Aside from its steakhouses, Chicago is best known, culinarily speaking, for its hot dogs, pizza and Italian beef: the latter being thin-sliced roast beef in a garlicky jus, served on crusty bread and ideally soaked in that gravy, and the whole sandwich garnished with sweet peppers. Italian beef is not date food.
“The best hot dog is probably Irving’s for Red Hot Lovers, which is in Wilmette.” (The Kennedys live in Kenilworth, a northern suburb near Wilmette; Chicagoans argue about hot dogs and pizza the way Philadelphians argue cheesesteaks.) “The best pizza is Lou Malnati’s. I have a gluten allergy, and they have a gluten-free pizza at Lou Malnati’s—it’s an all-sausage crust. It’s unbelievable. It’s good for your stomach and bad for your heart. And, of course, Al’s Italian Beef, up by the Merchandise Mart. The best french fries in Chicago are at the new French Market,” located at the downtown Metra commuter-train station. “They’ve got a place that just sells french fries”—Frietkoten Belgian Fries and Beer—“and it is just phenomenal.”
Nightlife
“Chicago’s the third-largest city in the United States, so every act comes through here. Nobody can avoid Chicago,” says Kennedy. “I’d grab a copy of the Reader or go to the WXRT website and see who’s playing at the Double Door or the Riviera or the Metro. See what the live music is like.”

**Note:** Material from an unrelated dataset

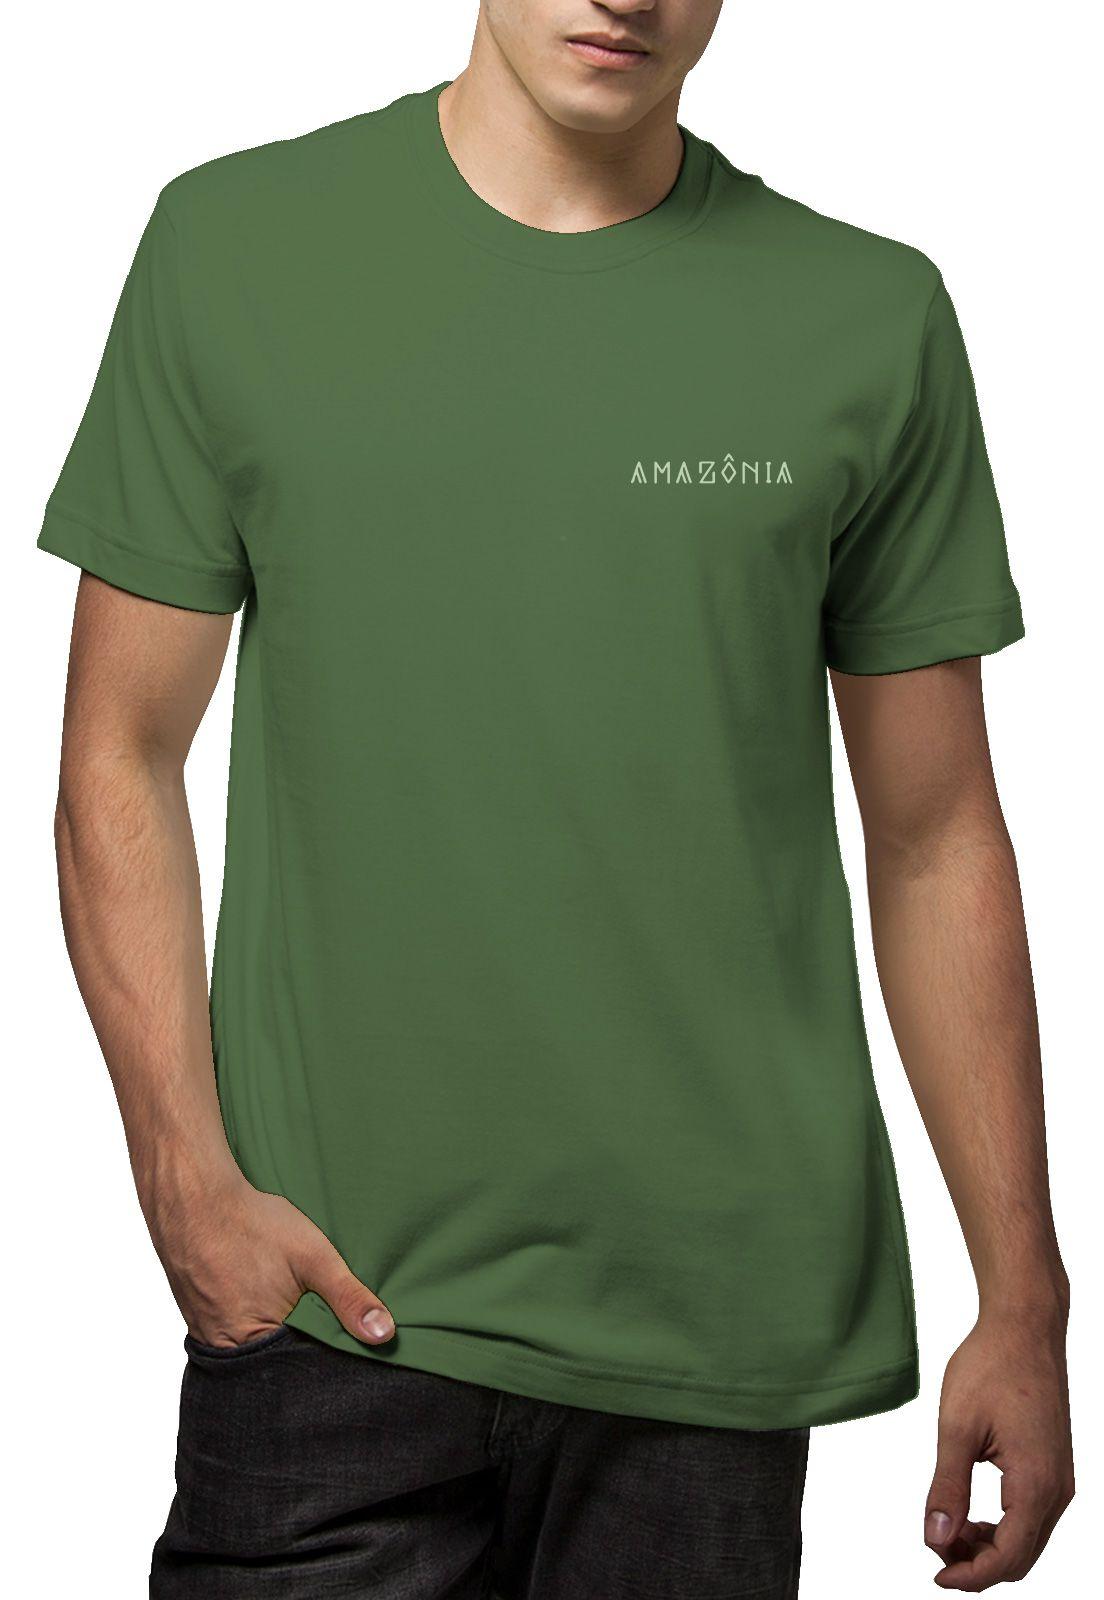 Camiseta Amazônia Biodiversidade - Verde Escuro

“The theater scene is unbelievable, particularly with all the big commercial operations that are now a part of the Loop—but those are a lot of the national touring companies you can maybe find in other cities as well. Finding what’s unique about Chicago is the most important thing: Find out what’s happening at Steppenwolf or at the Goodman. You can’t go wrong with either of those.”